Key Facts
- Proposed duration
- c. 1047 – c. 930 BCE
- First extra-biblical mention
- Merneptah Stele, c. 1208 BCE
- Rulers per biblical account
- Saul, Ish-bosheth, David, Solomon
- Successor states
- Kingdom of Israel (north) and Kingdom of Judah (south)
- Historical status
- Subject of ongoing scholarly debate
Imperial Zenith Metrics
Historical Trajectory
Phase I: Rise
According to the Hebrew Bible's Deuteronomistic history, the United Monarchy emerged when the Israelite tribes united under Saul as their first king around 1047 BCE. David subsequently consolidated control, establishing Jerusalem as capital, and expanded the kingdom's territory across the Southern Levant. Archaeological evidence for this early centralized state remains contested, with some scholars arguing the polity was more akin to a tribal chiefdom than a fully organized kingdom.
Phase II: Zenith
Under Solomon, the biblical account describes the kingdom reaching its greatest extent and prosperity, marked by the construction of the First Temple in Jerusalem, extensive trade networks, and diplomatic marriages to foreign rulers.
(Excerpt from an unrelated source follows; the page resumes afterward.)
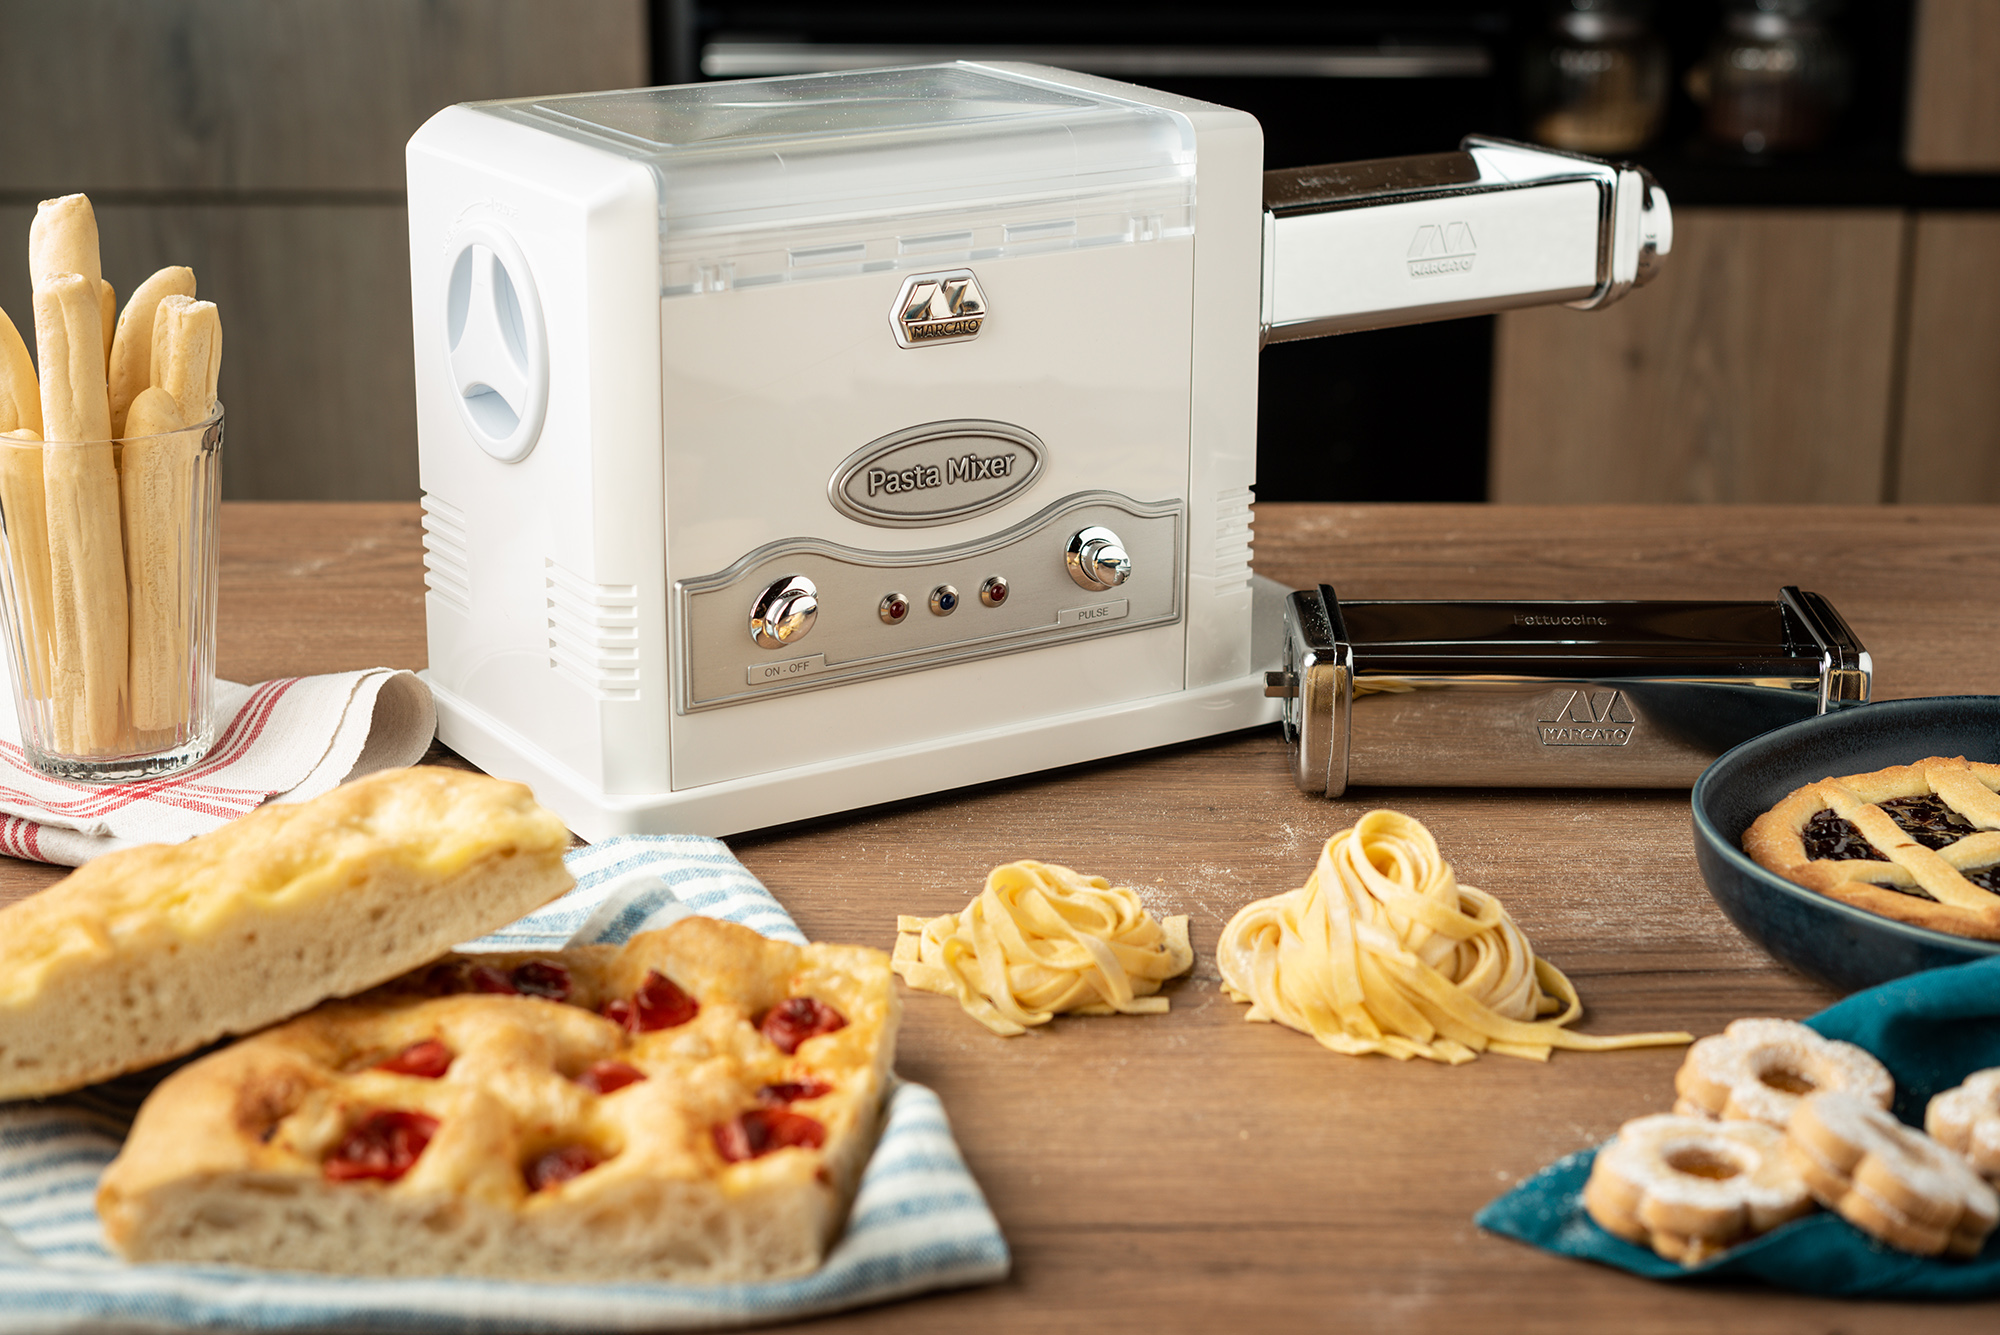 Sotel  Marcato Pasta Fresca Electric pasta machine

However, current scholarly consensus regards the biblical portrayal of Solomon's opulence and imperial reach as likely an anachronistic exaggeration, and the archaeological record for a powerful 10th-century BCE state in the region remains disputed.
Phase III: Decline
Following Solomon's death, his son Rehoboam faced tribal discontent over heavy taxation and forced labor. The northern tribes rejected Rehoboam's authority and seceded under Jeroboam, splitting the United Monarchy into two separate polities around 930 BCE: the northern Kingdom of Israel, centered on Shechem and later Samaria, and the southern Kingdom of Judah, retaining Jerusalem and the Temple.